I'm not sure I'm following. All PyCall.jl wants to do is ensure that the conda environment it is operating in has numpy installed. Normally, this is a conda environment that is created specifically for a Julia install, but from a conda installed Julia this is an existing conda environment.

mkitti commented 1 year ago

Could we consider adding --freeze-installed instead?

MilesCranmer commented 1 year ago

Wait, I thought this line was the cause of the downstream issues? Doesn’t Conda.add() update the numpy version and reinstall?

MilesCranmer commented 1 year ago

https://docs.conda.io/projects/conda/en/latest/commands/install.html

Conda attempts to install the newest versions of the requested packages. To accomplish this, it may update some packages that are already installed, or install additional packages.
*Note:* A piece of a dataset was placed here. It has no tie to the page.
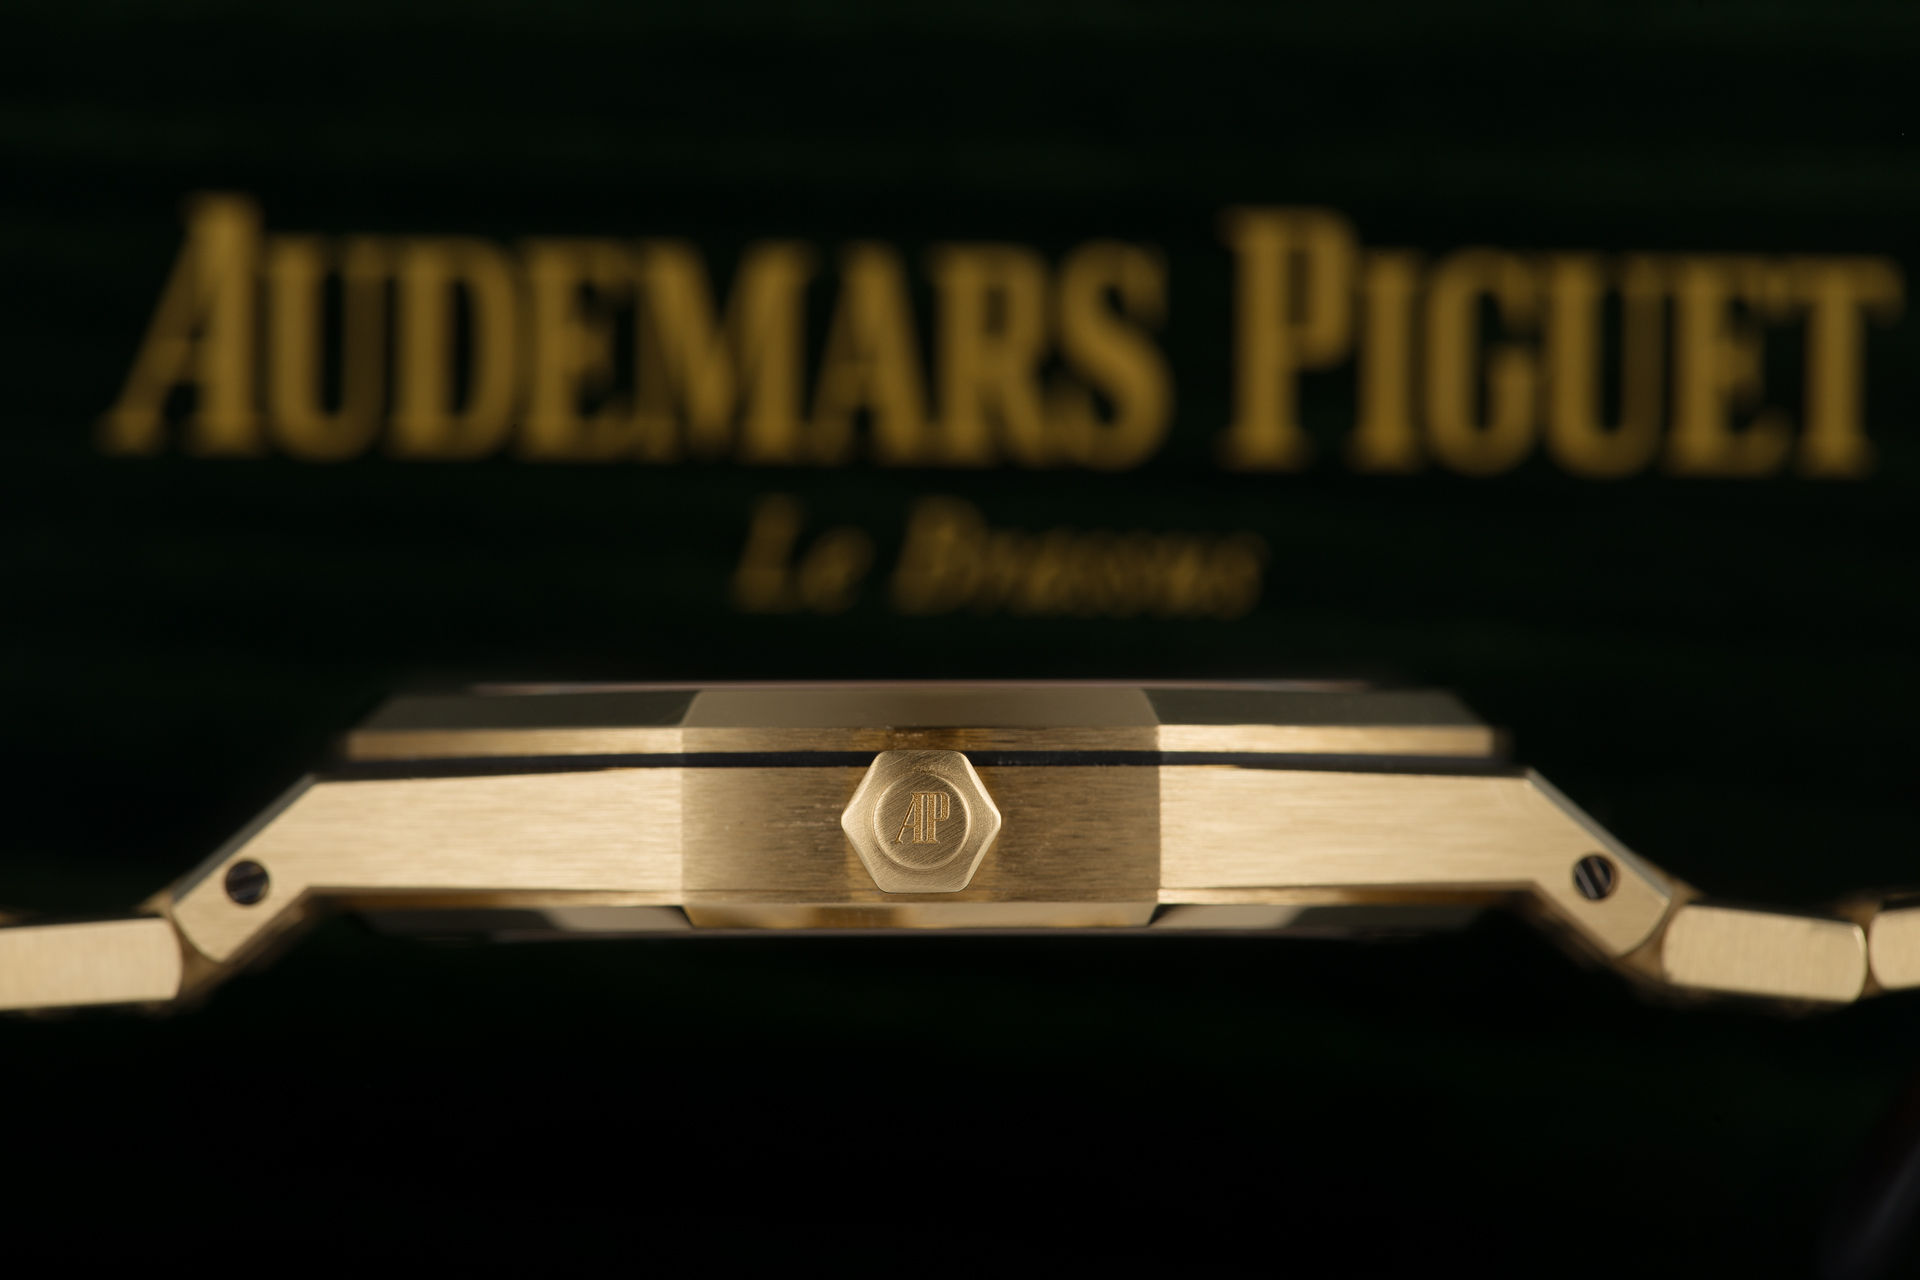 ref 15202BA.OO.1240BA.02.A | As New 39mm 'Jumbo Extra-Thin' | Audemars Piguet Royal Oak

To prevent existing packages from updating, use the --freeze-installed option.

(maybe that’s what you meant by --freeze-installed?)

MilesCranmer commented 1 year ago

I think it’s safer to entirely turn off calls to conda install when inside a conda-forge build script though. Just feels a bit dangerous. What if even with freeze-installed, it installs some other packages which are not present in the env that conda-forge is building?

mkitti commented 1 year ago

Actually, I think we want --satisfied-skip-solve

mkitti commented 1 year ago

What if even with freeze-installed, it installs some other packages which are not present in the env that conda-forge is building?

It should throw errors since you did not previously add all the needed dependencies.

MilesCranmer commented 1 year ago

Okay I added the required functionality in https://github.com/JuliaPy/Conda.jl/pull/240

mkitti commented 1 year ago

See https://github.com/JuliaPy/Conda.jl/pull/241

ngam commented 1 year ago

I think it’s safer to entirely turn off calls to conda install when inside a conda-forge build script though.

If this is possible, it is desirable. However, it likely should be done as a patch in conda-forge, not here. I will leave that up to you though. Why would PyCall need numpy to begin with? That’s kinda odd and arbitrary (isn’t it supposed to be a generic python caller?)

stevengj commented 1 year ago

Why would PyCall need numpy to begin with? That’s kinda odd and arbitrary (isn’t it supposed to be a generic python caller?)

In order to wrap Julia arrays with numpy arrays when calling Python.

stevengj commented 1 year ago

Why would PyCall need numpy to begin with? That’s kinda odd and arbitrary (isn’t it supposed to be a generic python caller?)

In order to wrap Julia arrays with numpy arrays when calling Python.

stevengj commented 1 year ago

Why would PyCall need numpy to begin with? That’s kinda odd and arbitrary (isn’t it supposed to be a generic python caller?)

In order to wrap Julia arrays with numpy arrays when calling Python.

MilesCranmer commented 1 year ago

@mkitti Updated with satisfied_skip_solve=true

mkitti commented 1 year ago

@stevengj could we merge and release this change?

MilesCranmer commented 1 year ago

Just pinging this - could this be merged @stevengj?

mkitti commented 1 year ago

I only have an auto-merge button here.

image

An chance we could get the other CI bits to pass? Python 2.7 should probably just be retired...

MilesCranmer commented 1 year ago

It says:

Error: Version 2.7 with arch x64 not found

so we can't even test it. Also, pyjulia already dropped support.

MilesCranmer commented 1 year ago

@stevengj sorry for the spam but we really need this fixed to solve some downstream failures. Any chance you could merge+release?

ngam commented 1 year ago

@MilesCranmer, is pycall available in conda-forge somehow? What in conda-forge uses it? If that's the case, we could patch it and move the ball forward instead of waiting.

ngam commented 1 year ago

Or is it the thing that Julia calls and we bundle in your pysr setup?

ngam commented 1 year ago

If so, we could point your pysr package on Conda-forge to use this https://github.com/MilesCranmer/PyCall.jl/tree/patch-numpy-install (I don't know how that's done in Julia, but I assume it is easily doable, right?)

MilesCranmer commented 1 year ago

Right, we bundle it with the PySR install as a special julia depot.